Skill: Population Genetics Analysis
MC Strategy: Population genetics MC questions often test whether you know a specific theorem or result. COMPUTE the answer first (use popgen_calculator.py or write Python), then match to options. Don't try to reason about which option "sounds right."
Analyze population-level genetic variation, allele frequencies, GWAS associations, clinical significance, and evolutionary constraints using ToolUniverse tools.
When to Use
Activate this skill when the user asks about:
- Allele frequencies across populations (gnomAD, 1000 Genomes)

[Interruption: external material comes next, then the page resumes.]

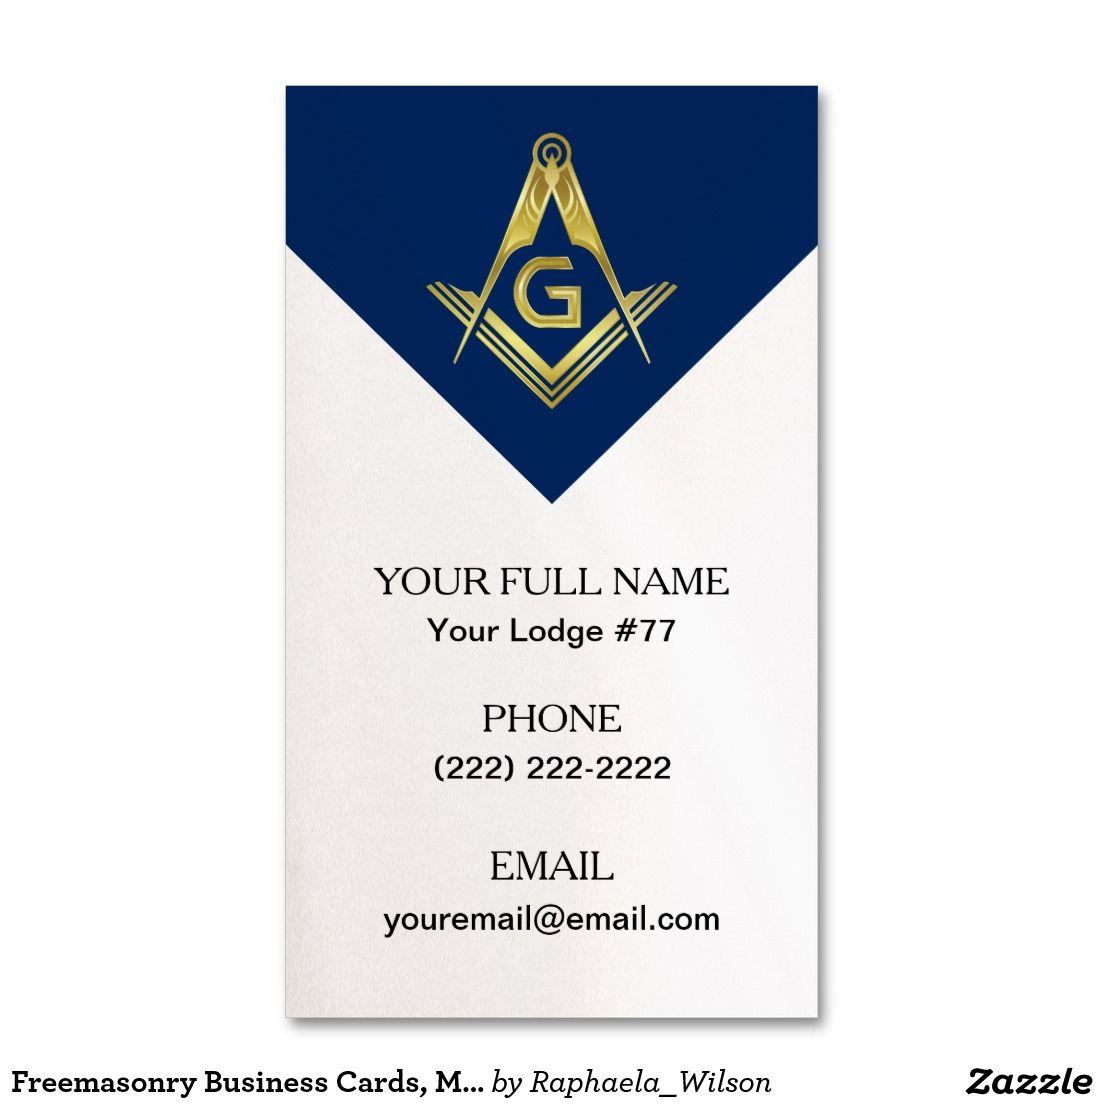 Freemasonry Business Cards, Masonic Blue Navy Gold Business Card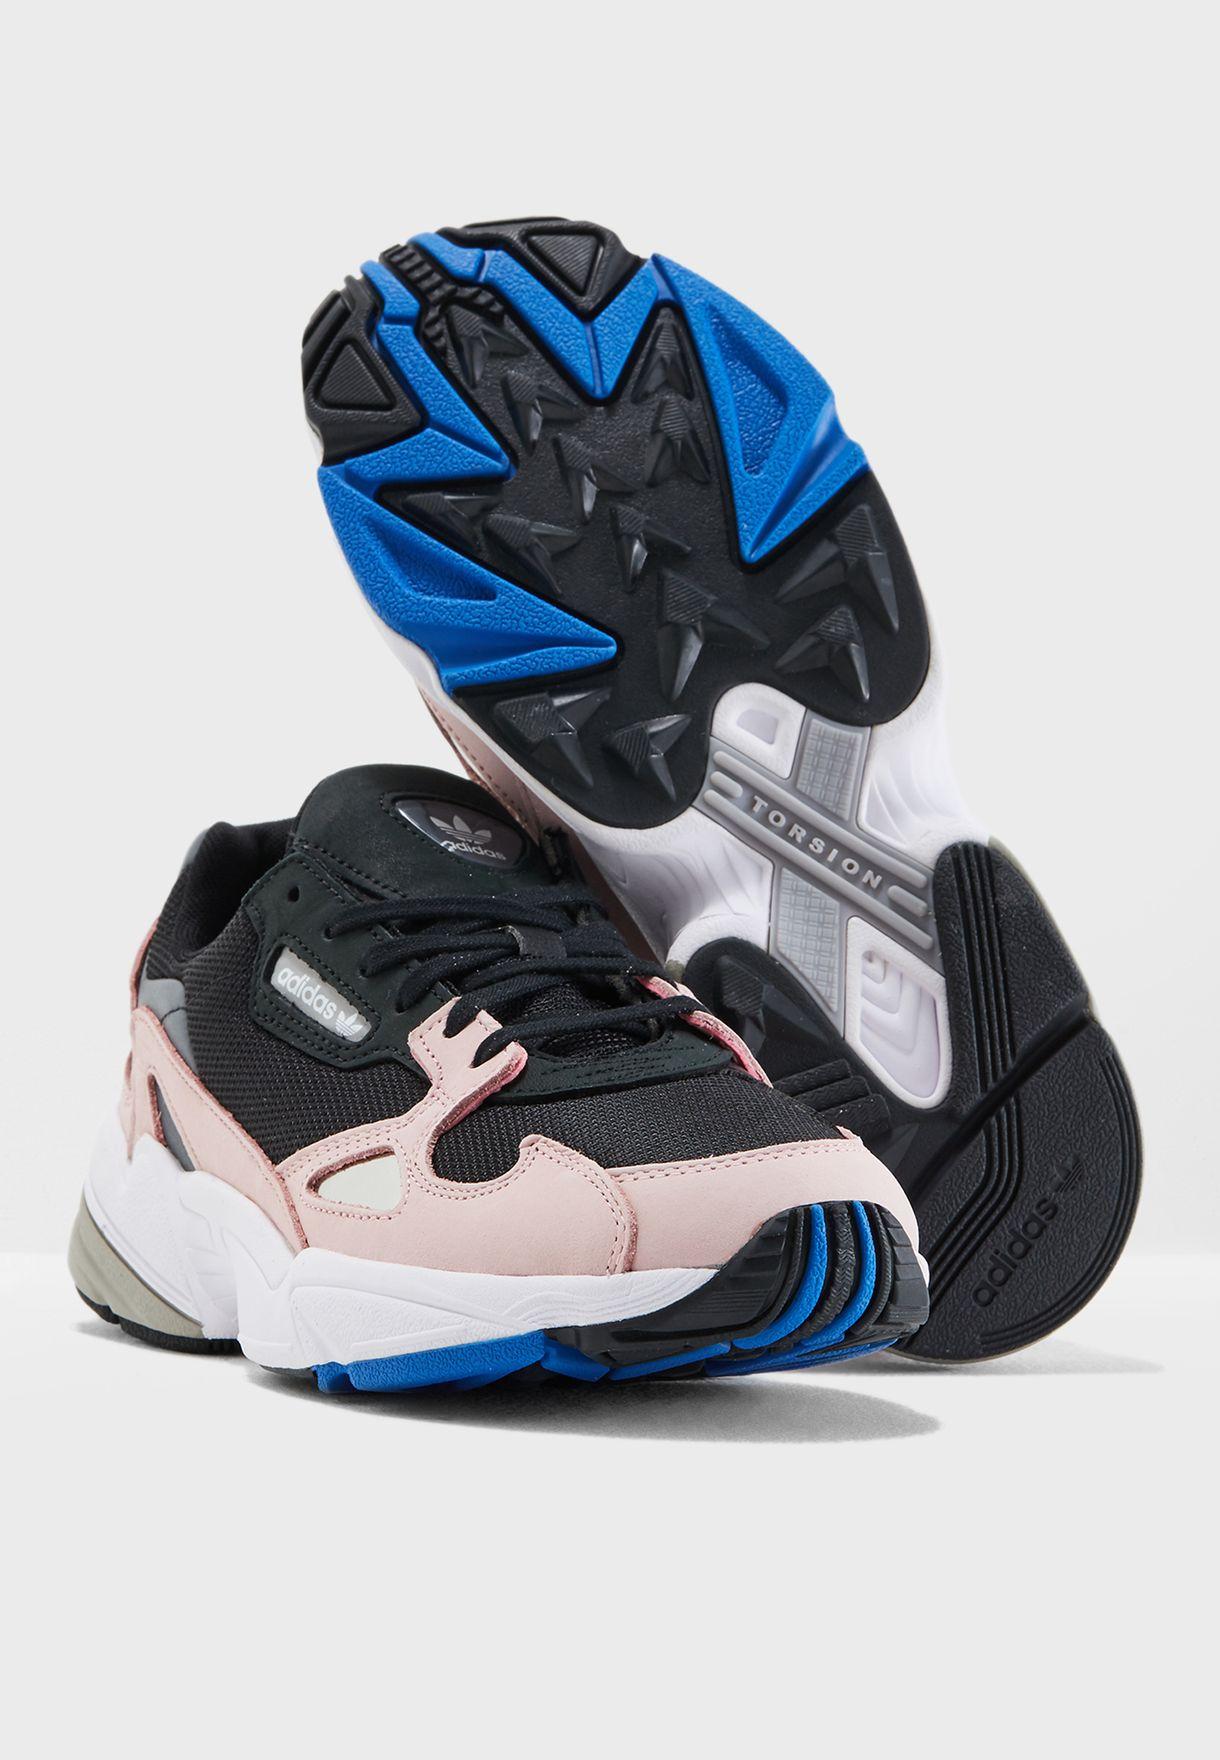 separation shoes 6345c d2108 Shop adidas Originals multicolor Falcon B28126 for Women in

- GWAS associations for diseases/traits
- Clinical variant interpretation (ClinVar, VEP)
- Gene-level constraint metrics (pLI, LOEUF, o/e ratios)
- Selection, drift, linkage disequilibrium, or population structure
- Variant annotation and functional consequences
LOOK UP, DON'T GUESS
Query gnomAD/1000Genomes/GWAS Catalog FIRST for allele frequencies and associations. Preferred: use the PopGen_hwe_test, PopGen_fst, PopGen_inbreeding, and PopGen_haplotype_count tools for HWE, Fst, inbreeding, and haplotype calculations. Fallback: run popgen_calculator.py directly. For theoretical problems (delta-q, drift, LD decay), apply the formulas in the Theoretical Reasoning section below.
Tool Quick Reference
| Tool | Key Parameters | Notes |
|---|
gnomad_search_variants | query (REQUIRED) | Resolve rsID to variant_id format "CHR-POS-REF-ALT" |
gnomad_get_variant | variant_id (REQUIRED), dataset | Population frequencies. Default dataset: gnomad_r3; use gnomad_r4 for latest |
gnomad_get_gene_constraints | gene_symbol (REQUIRED) | pLI, o/e ratios. May timeout -- retry once |
MyVariant_query_variants | query (REQUIRED) | Aggregated: ClinVar + dbSNP + gnomAD + CADD. Uses hg19 coordinates |
EnsemblVEP_annotate_rsid | variant_id (REQUIRED) | Functional consequence, SIFT, PolyPhen. Param is "variant_id" NOT "rsid" |
EnsemblVEP_variant_recoder | variant_id (REQUIRED) | Convert between rsID/HGVS/VCF/SPDI |
gwas_get_snps_for_gene | gene_symbol (REQUIRED) | All GWAS SNPs for a gene |
gwas_search_associations | query (REQUIRED) | GWAS for a disease/trait (NOT gene name -- use gwas_get_snps_for_gene for genes) |
gwas_get_variants_for_trait | trait (REQUIRED) | Variants associated with a trait |
ClinVar_search_variants | gene, condition, significance | At least one filter required |
RegulomeDB_query_variant | rsid (REQUIRED) | Regulatory scoring (1a=strongest to 7=minimal) |
Critical Gotchas
- gnomAD variant_id: Format is
"CHR-POS-REF-ALT" (no "chr" prefix). Always resolve rsIDs via gnomad_search_variants first.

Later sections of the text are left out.